Pandora’s Box

Hetti Varnei
3 min readApr 25, 2022

I’ve learned not to confide in people I haven’t known for fewer than two years. That is to say that I am not a closed book, or prude, or anything of a prim nature. I’m introverted, creative and downright bawdy. But my online presence is phantom-like and the deeper, human, private stuff, the dreams and goals, the Jungian shadows, the vulnerabilities I’ll let out with caution only after a person has proven their worth. Two years is about enough time to vet a mask that will slip, if the charm is false, if there are hidden edges that can cut me, an acid tongue and meanness if I don’t give up what another wants, or if there are serious financial or personality issues. If a person has the patience for two years of meeting each of the layers I open upon my terms, then they’re in.

The Great Manipulator wasn’t patient, and he could see from a long way off I hadn’t been taught boundaries, I was just so good mannered and polite, and he had just the excavating machine for that.

He was voracious, entertained a literal stalking fixation with my past. I spent my time and energy defending my good name. I had no privacy on my calls, my chats were being hawked, the length of time spent on the phone vetted. And I had no physical privacy — he was always there, whenever I went to town on foot he’d follow me, just appear out of nowhere. Surprise! I couldn’t even take a shit in peace, if I locked the toilet door, who was I talking to? When he installed a spyware app that cloned my chats I didn’t know straight away, but at least it gave me bathroom privacy. He broke into my phone and computer and took screenshots of emails, messages and chats and photos from months and even a decade before I’d even met him, digging up things I’d forgotten I’d had. At odd times, for drama’s sake, he’d send these screenshots to me.

He created a DIY version of my past:
Where did I go with this person? How many orgasms did I have with them?
How come I didn’t go/do/see this with him?
I give all the wrong people everything and him nothing…
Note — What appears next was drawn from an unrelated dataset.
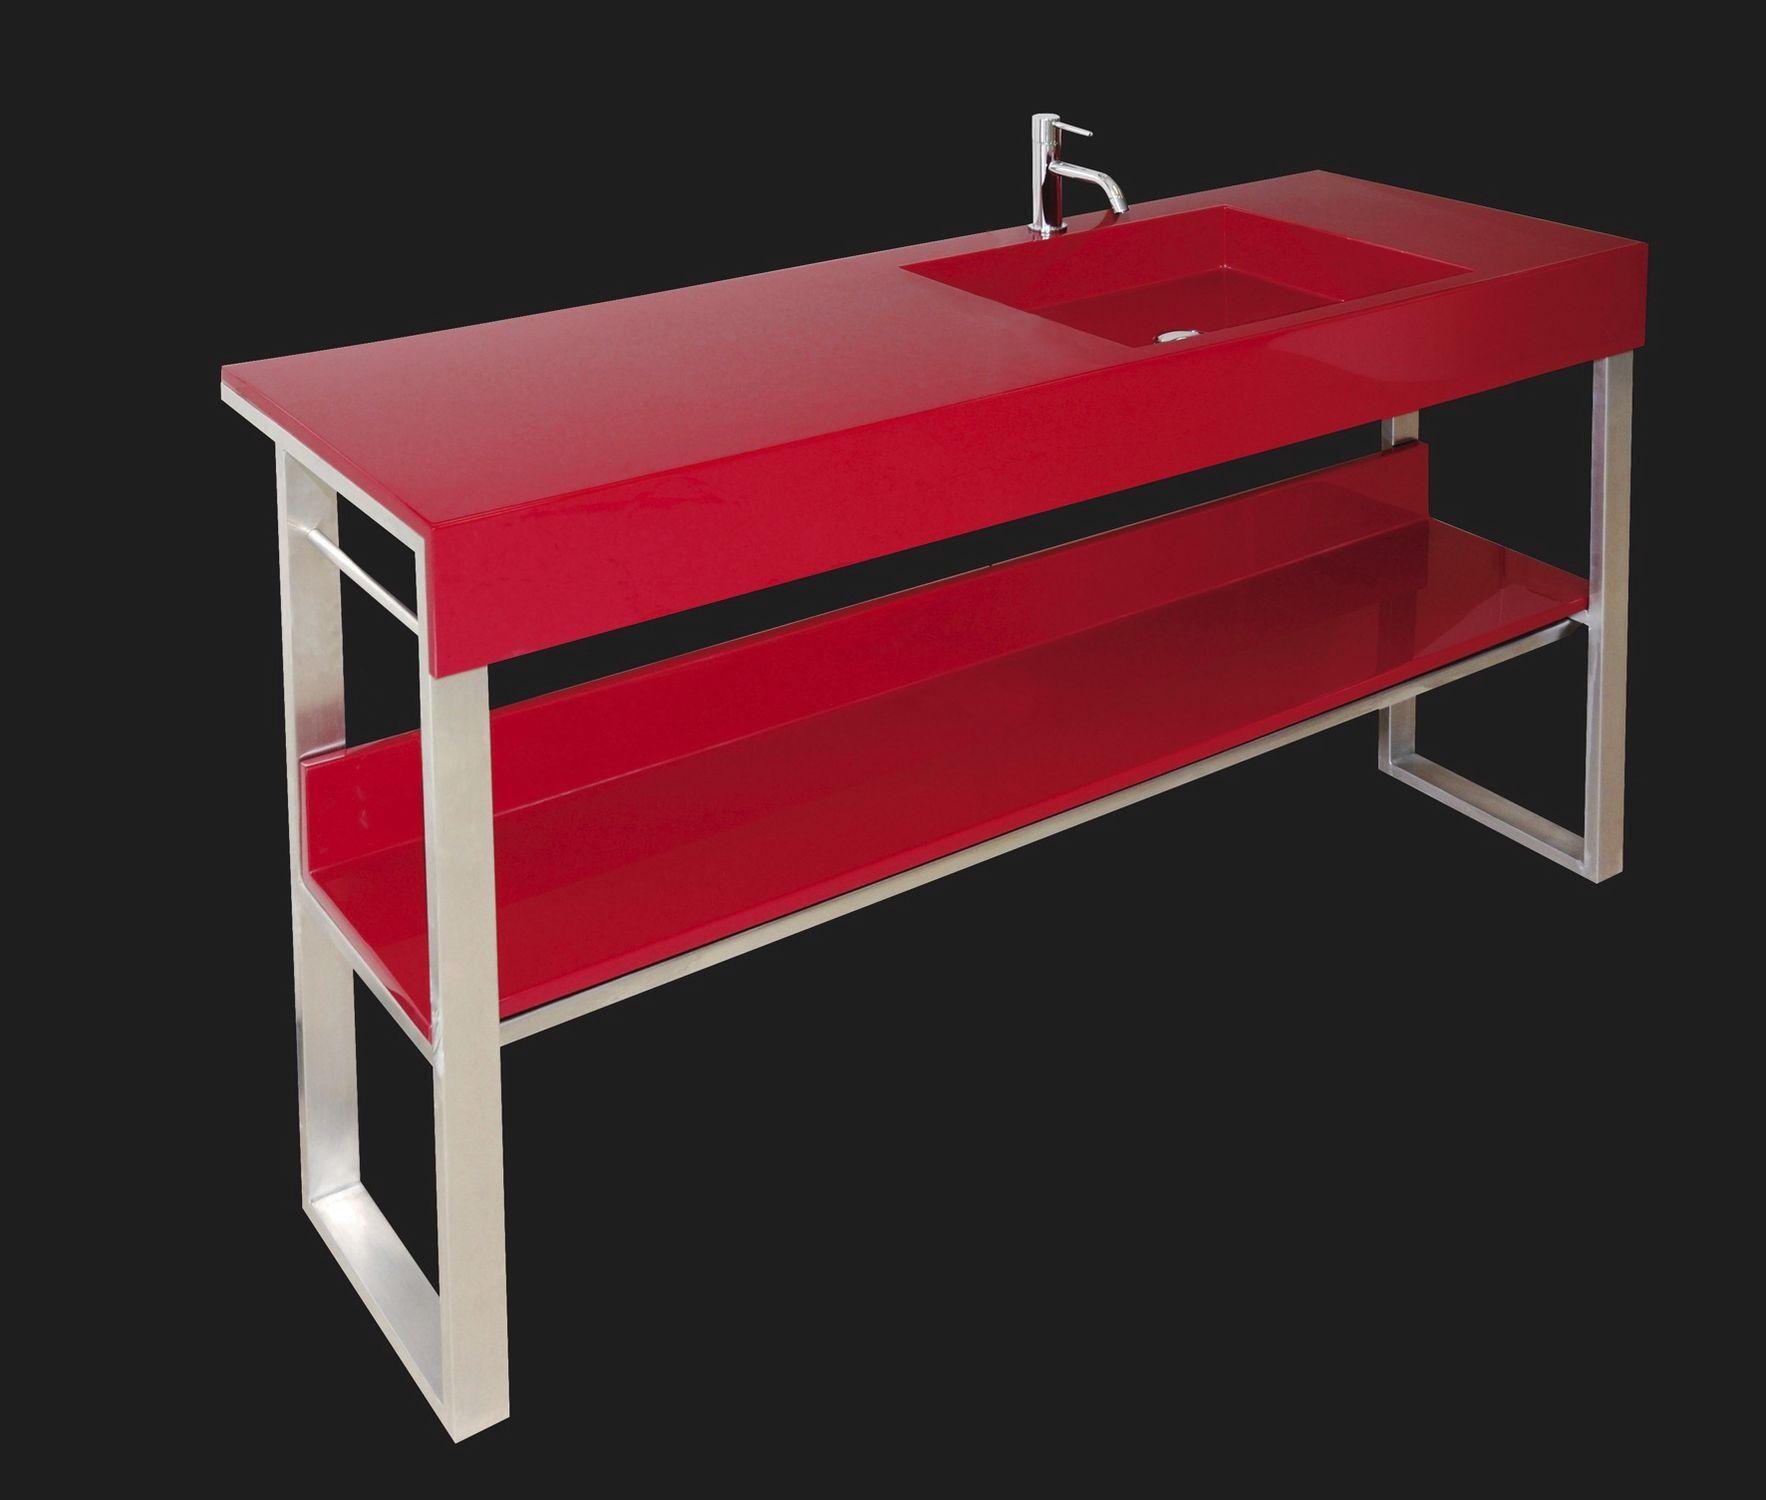 Waschtischunterschrank freistehend  Doppelter Waschtischunterschrank / freistehend / Edelstahl ...

Whatever I answered he would say I was telling him lies and, hating to be called a liar, I would have to dig through all that upended muck on a daily basis, for hours at a time to try to prove myself.

For what? Round and round we went.

Trying to understand this behaviour was maddening, frightening, and exhausting from the justifications alone, trying to understand the whys of it all (a subject of which I’ll post about in another article) and it was where I should have disconnected. Instead, I researched what I was doing wrong.

During the first few attempts of hasty searches I learnt about a condition I’d never heard of: retroactive jealousy. That eventually led me to narcissistic personality disorder. My stomach contracted when I read the list of traits. I did the online quiz, then another, and another. And this little people-pleaser learnt that telling someone about me had been my Pandora’s Box — something dreadful I only just managed to close the lid on in time. I’d glimpsed what this malignant narcissist really was, showing up in the reflection of the lid, overlooking with glee all the sharp-edged things in my vulnerability that he could use to flay me more than he already did. As it was, the little I did say became the Kafkaesque foundations of the shame and hell this monster created for me.

It wasn’t me: that was the one thing I grabbed for sanity. Once I knew, it dawned on me precisely how much danger I was in. I was in another country, he was from a seriously patriarchal culture and religious background, and that playing slow and compliant was the only resource foothold I had to get out of there in one piece.